The era of thrifty supermarkets

With the cost of living going up, which shops get you the most bang for your buck?

Alexander James
5th December 2022
Image credit Instagram @lidlgb
In terms of the price of your weekly food shop, nowhere beats Aldi or its fierce rival, Lidl. The two supermarket discount chains now have over 12,000 stores each worldwide. While the companies aren’t owned by the same people, they both originate from Germany, have a yellow and blue sign, similar interior store layouts and sell cheap consumer goods. 

In the Which? October cost comparison survey, Aldi was the cheapest overall in a shop consisting of 48 popular groceries, costing £75.79, on average, beating rival discounter Lidl by £1.89. 
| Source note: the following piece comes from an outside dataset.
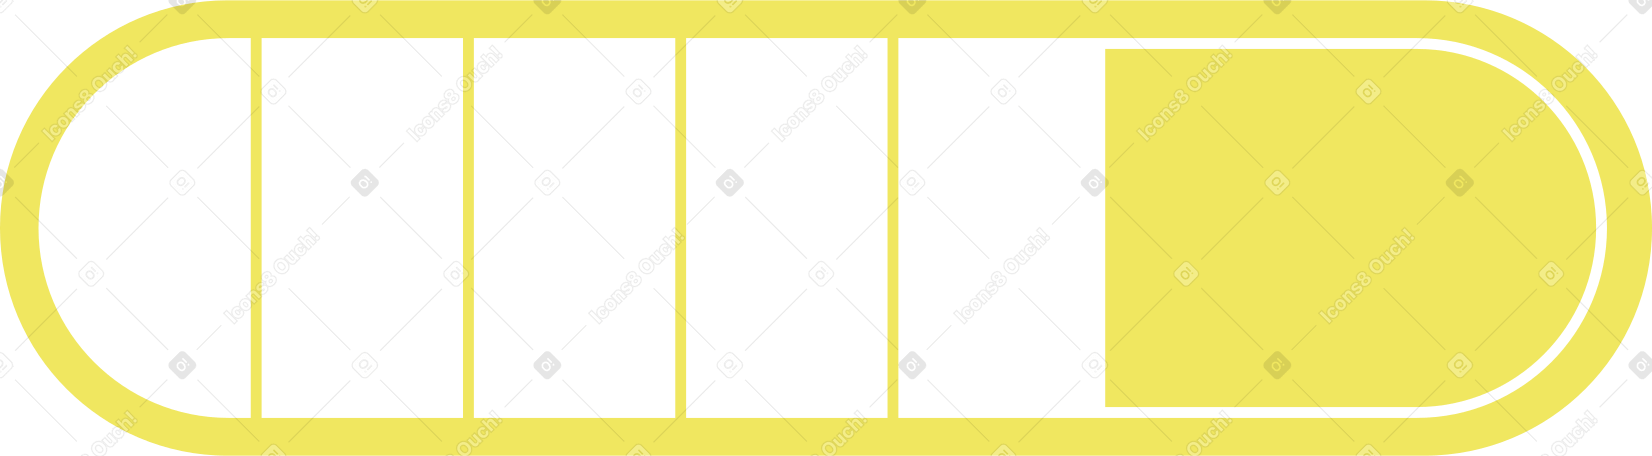 yellow rounded progress bar Illustration in PNG, SVG

Aldi was the cheapest overall in a shop consisting of 48 popular groceries, costing £75.79

The same shop at Waitrose was £25.38 more expensive. Since arriving in the UK, the two have taken a significant chunk of the market share from Tescos, Sainsburys, Morrisons and Asda, with the supermarket giants losing 170£ million in sales to the two German retailers in the last 3 months. Aldi even overtook Morrisons to become Britain’s fourth biggest retailer last month.

Image credit Instagram @asda

They keep their prices lower than competitors by being thrifty, essentially. The chains maintain low operating costs through a minimal customer experience and cost effective design principles like shoppers having to bag their own goods and pay for trolleys. They have smaller location sizes on average than the other supermarkets, meaning smaller inventories, lower property costs, and a higher return on investment.  Employees are required to be both cashier, shelf-stocker and store stock. They also shun brand owned products; over 90% of their goods are private brands, which minimises marketing and distribution costs. On top of that, they stock a much more limited number of products than traditional supermarkets. 

Lower costs on goods, combined with a smart marketing, and corporate responsibility programme appeals to both low and mid-range market, as well as Gen Z and millennial customers. I would think the discount chains, and perhaps their frugal business model, are likely to go through a strong period of growth in sales and popularity as the energy crisis raises the cost of goods further this year and next.